[ASSIGNMENT]
Scan the records below for the line with "EXPENSIVE SOUL | Feira de S. João 2022" and the line with "Springende eekhoorn Eekhoorn". Repeat those two lines and every line between them exactly, and nothing else.

[PROVIDED RECORDS]
◇ ◇ ◇

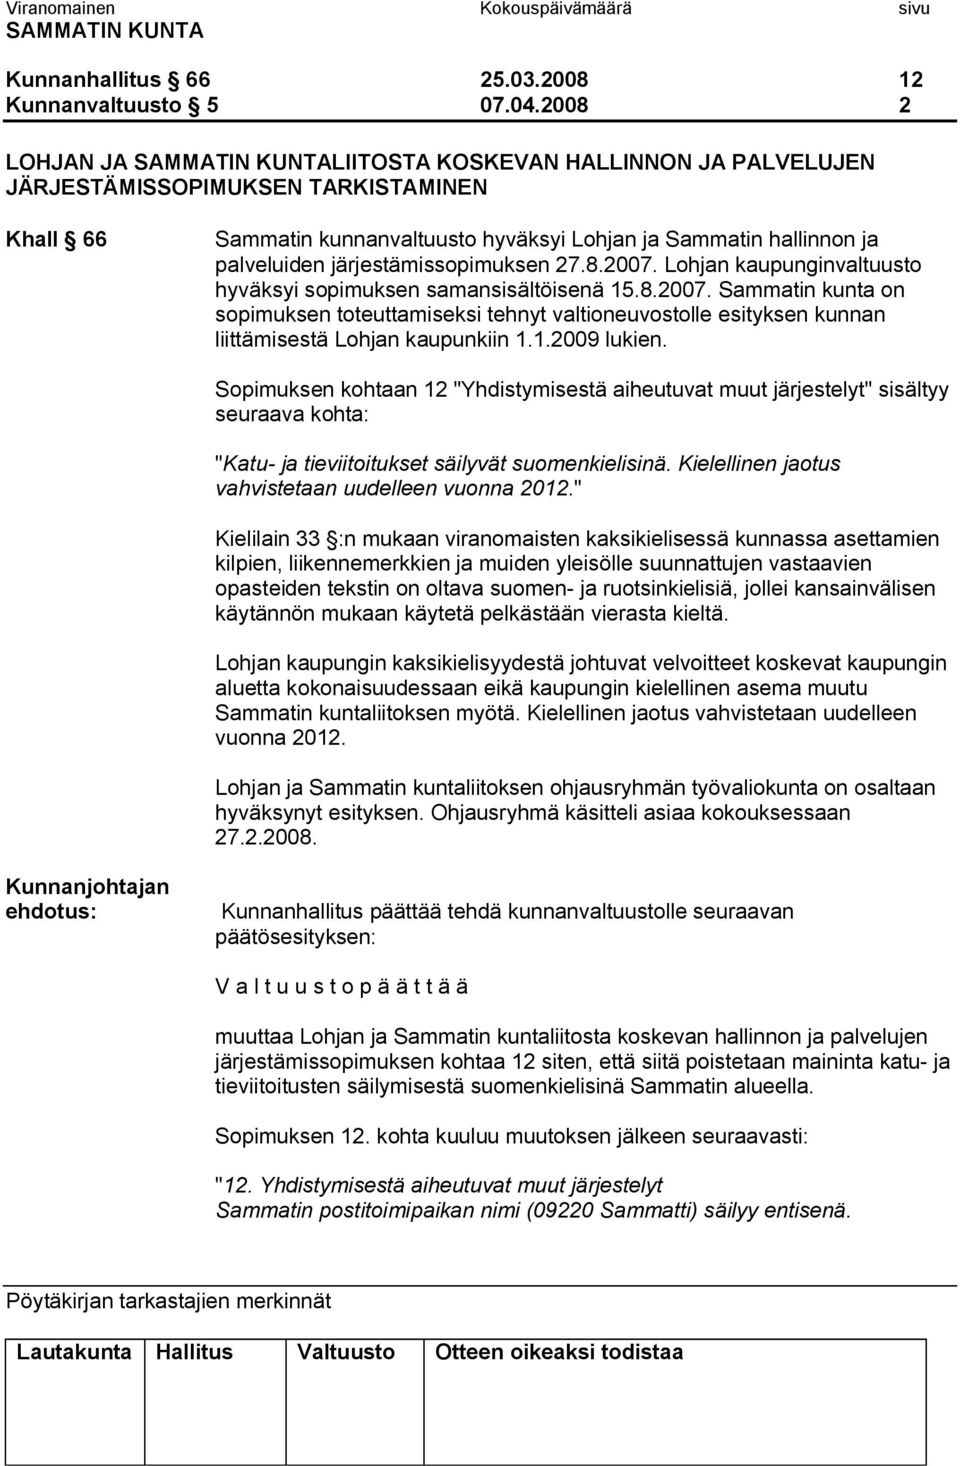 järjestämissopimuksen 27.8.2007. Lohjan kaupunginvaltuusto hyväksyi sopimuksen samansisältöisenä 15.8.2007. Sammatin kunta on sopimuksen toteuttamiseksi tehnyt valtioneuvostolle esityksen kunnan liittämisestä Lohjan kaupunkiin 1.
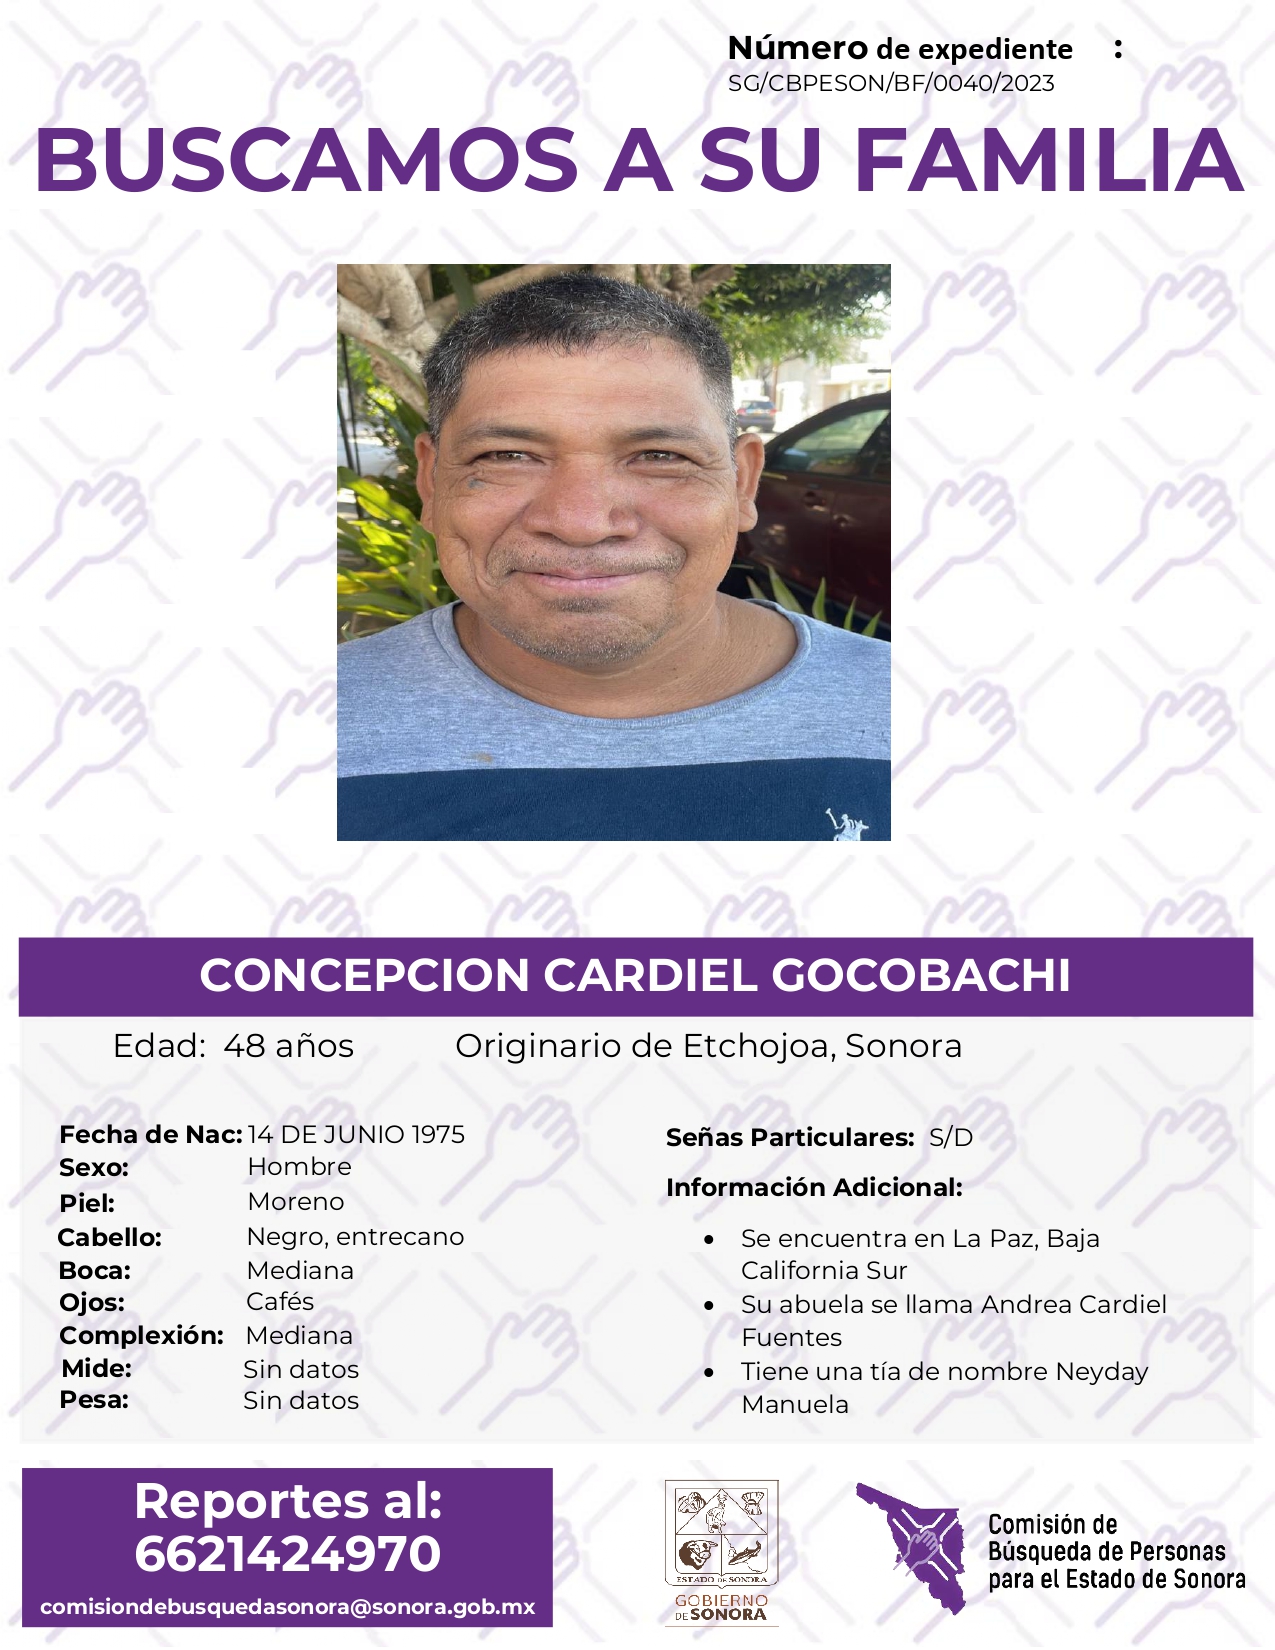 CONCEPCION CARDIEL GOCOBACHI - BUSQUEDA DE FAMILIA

◇ ◇ ◇

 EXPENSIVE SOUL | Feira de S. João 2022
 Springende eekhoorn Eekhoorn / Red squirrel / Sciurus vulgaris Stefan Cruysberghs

◇ ◇ ◇

[YOUR RESPONSE]
 EXPENSIVE SOUL | Feira de S. João 2022
 Springende eekhoorn Eekhoorn / Red squirrel / Sciurus vulgaris Stefan Cruysberghs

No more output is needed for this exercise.